Medicare, Medicaid, and most private insurers now cover telemedicine visits, though the specifics of copays and eligible visit types vary by plan. It’s worth checking with your insurance before scheduling to confirm what’s covered.
Privacy Protections
Telemedicine platforms used by healthcare providers must comply with federal privacy law (HIPAA), which means your medical information is encrypted and protected during transmission. Providers are required to use technology vendors that meet these security standards and sign formal agreements to safeguard your data. This is why your doctor’s office uses a specific video platform rather than a standard consumer video call. If you’re using a provider’s official app or patient portal, the privacy protections are already built in.

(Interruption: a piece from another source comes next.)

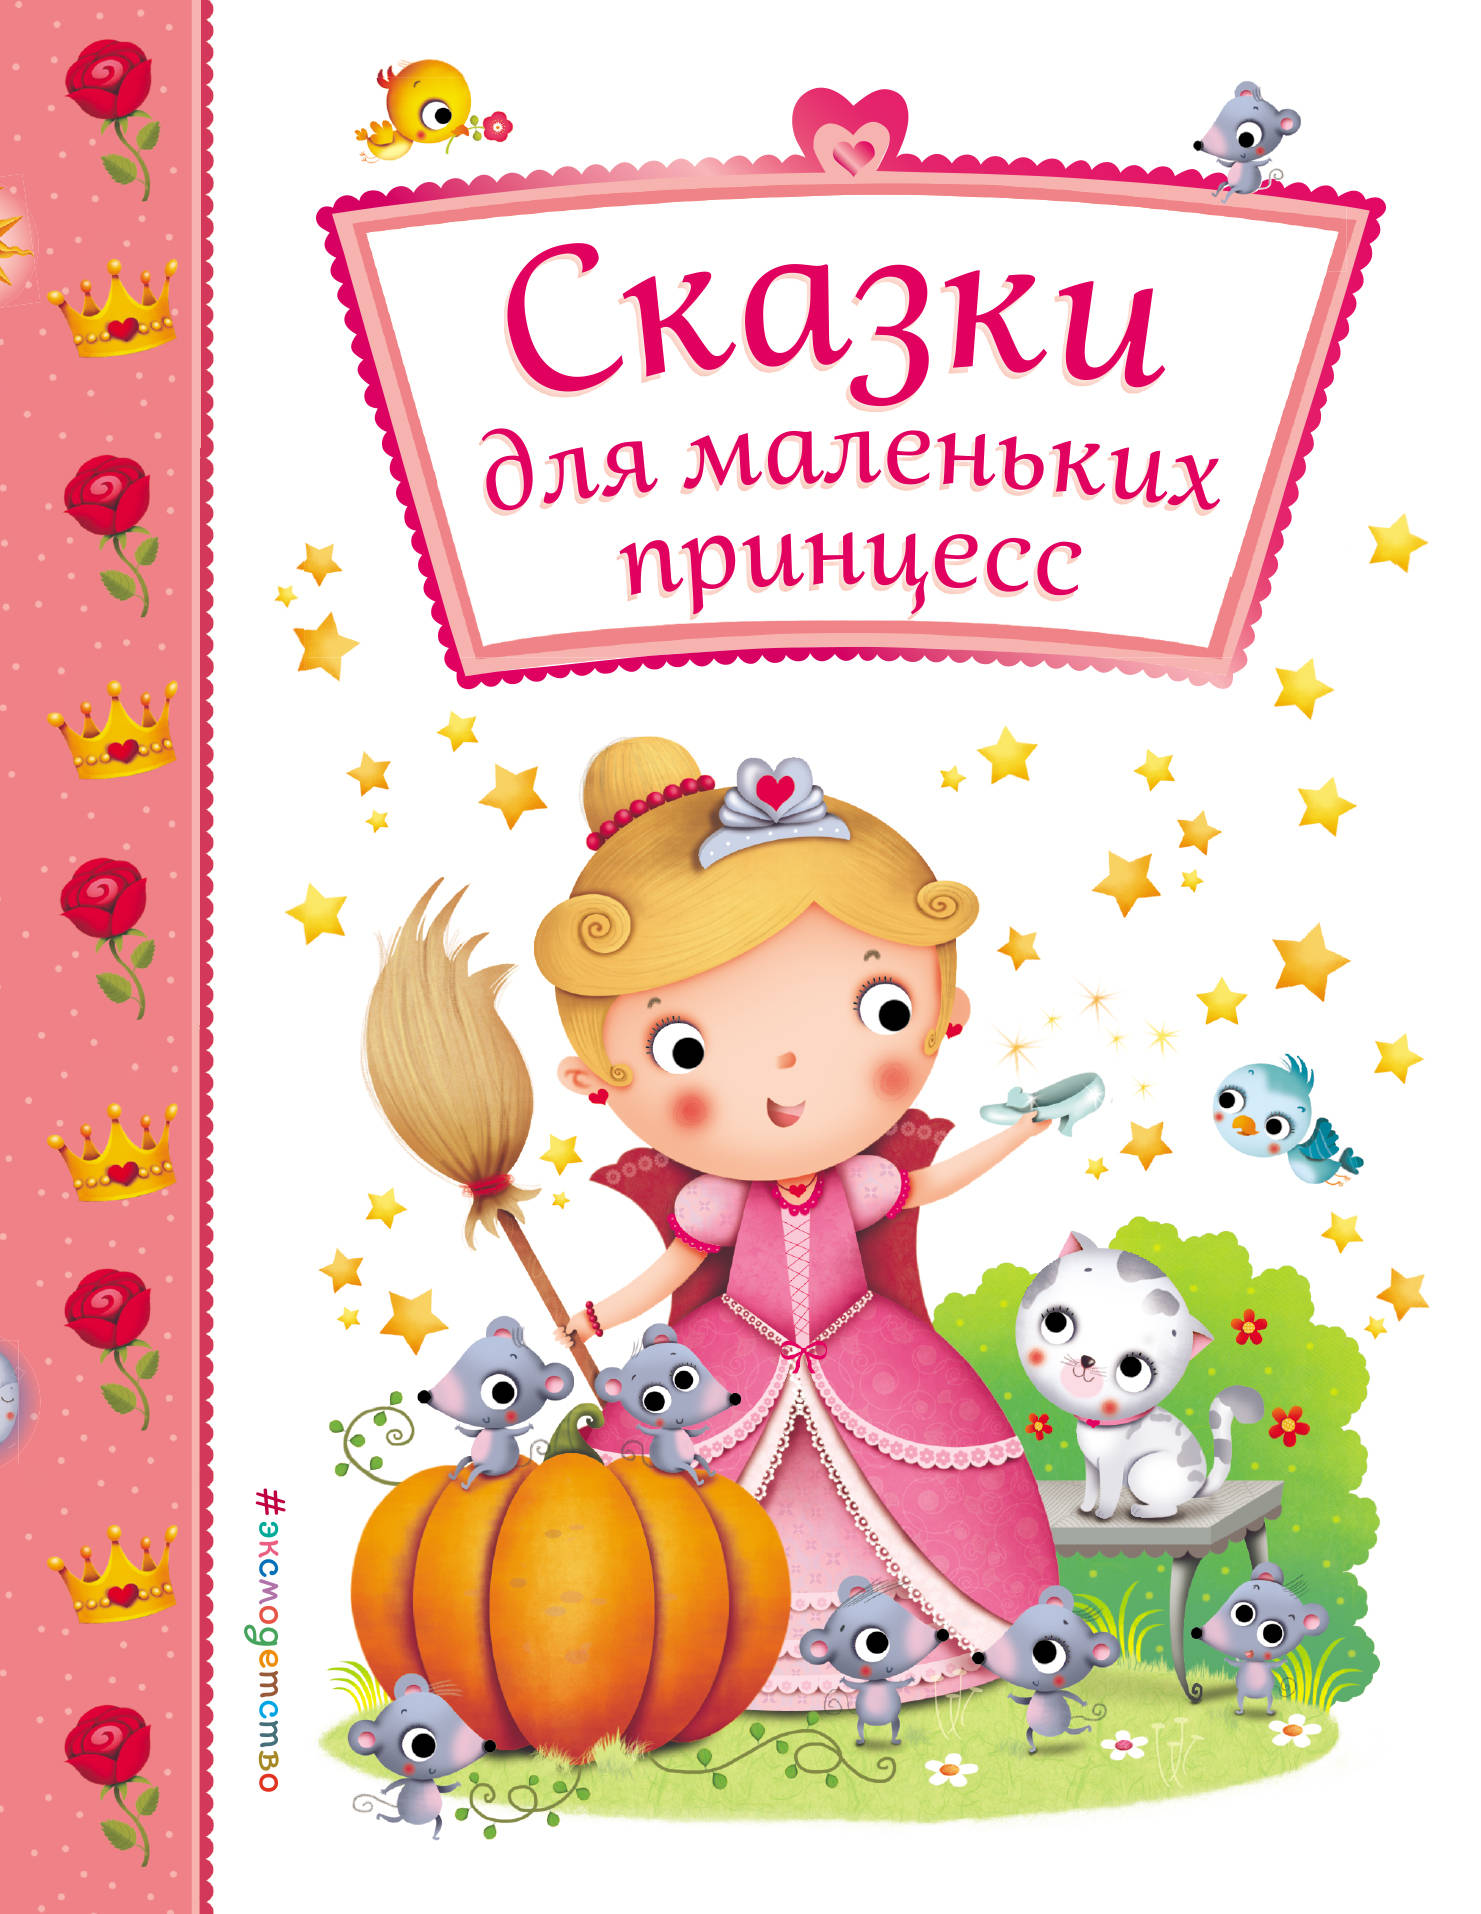 Сказки для маленьких принцесс все самые великие сказки мира
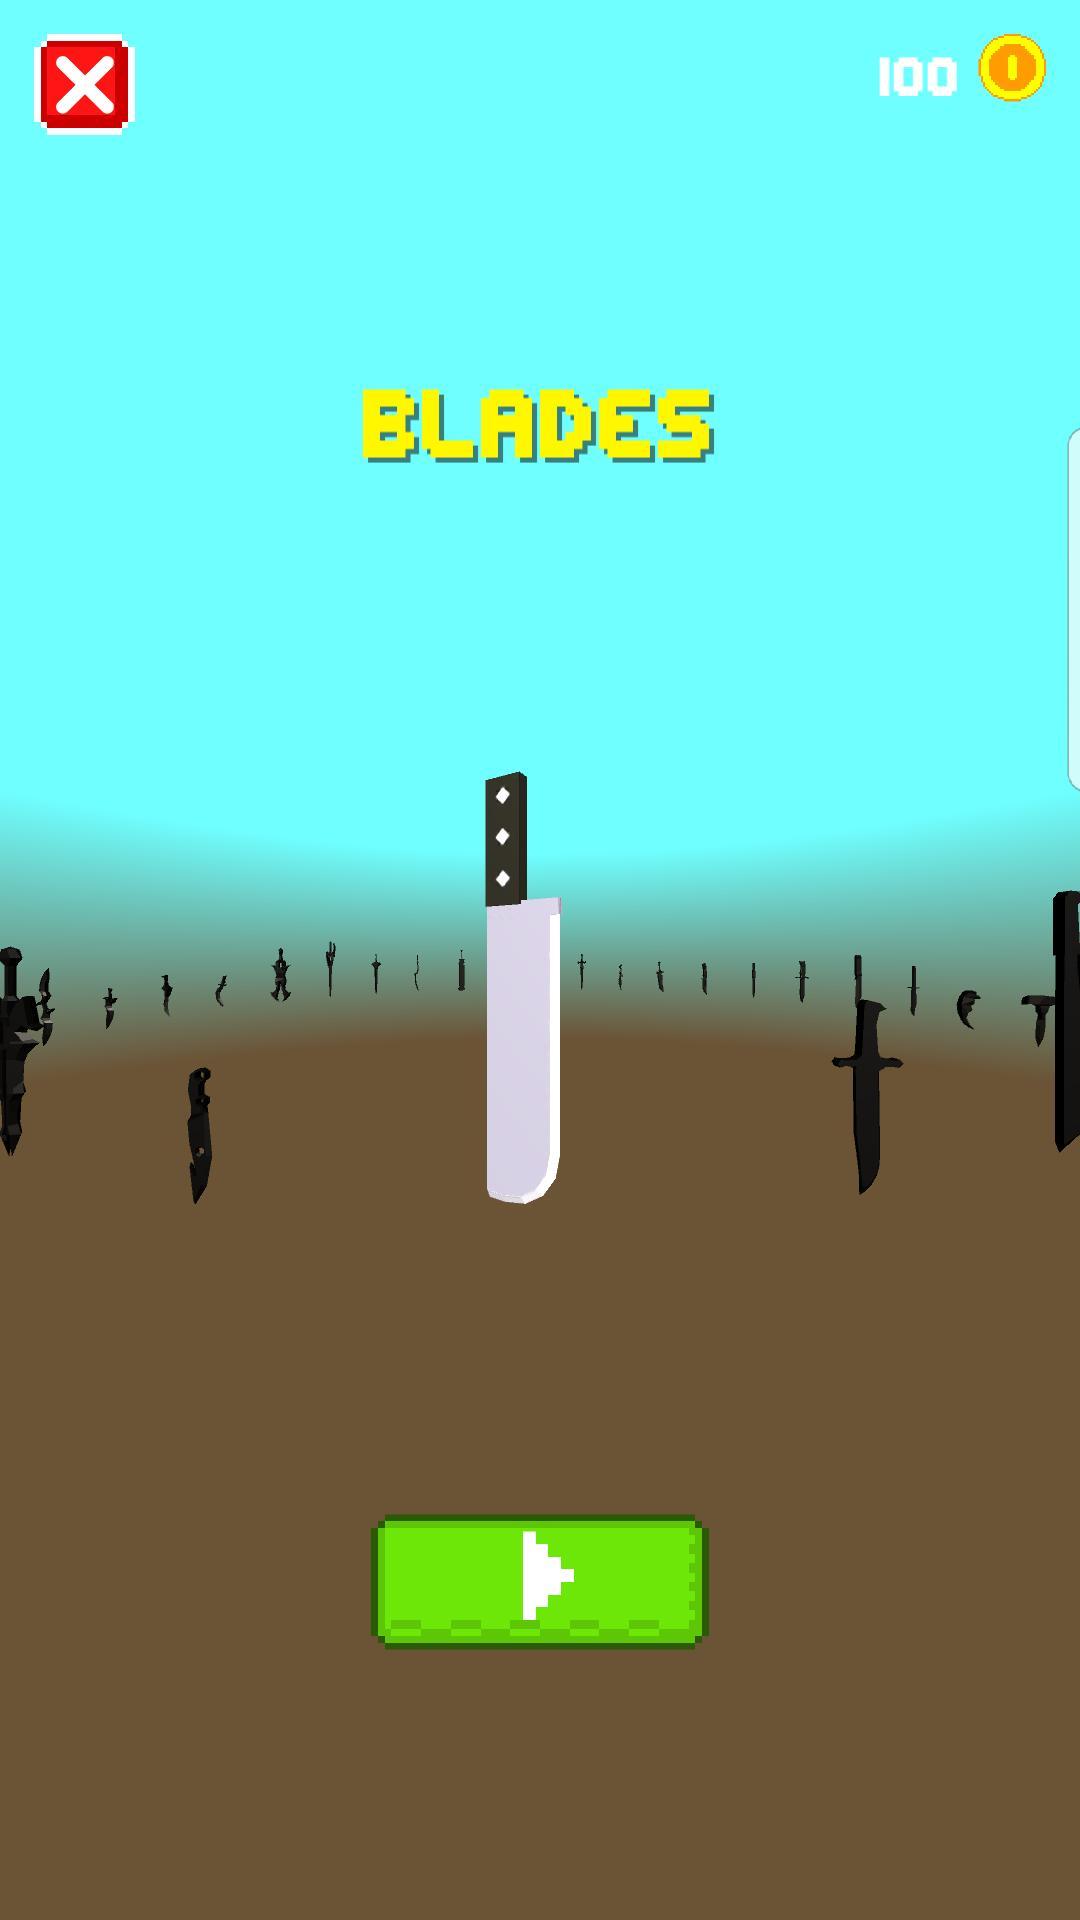 Infinity blade saga apk english | Infinity Blade Saga For PC

How Doctors Are Using It Now
While adoption surged during the pandemic, telemedicine has settled into a supplementary role for most physicians rather than a primary mode of care. Among primary care doctors, about 54% use telemedicine for fewer than a quarter of their visits, while only about 15% use it for half or more. Medical specialists lean on it a bit more heavily: 27% conduct at least half their visits virtually. Surgical specialists use it the least, which makes sense given the hands-on nature of their work.
The pattern reflects what telemedicine does best. It’s ideal for follow-ups, medication management, reviewing results, and triaging new symptoms. Initial evaluations for complex or unclear conditions, procedures, and anything requiring physical contact still happen in person. For most patients, telemedicine means fewer trips to the office for routine check-ins, not a complete shift away from face-to-face care.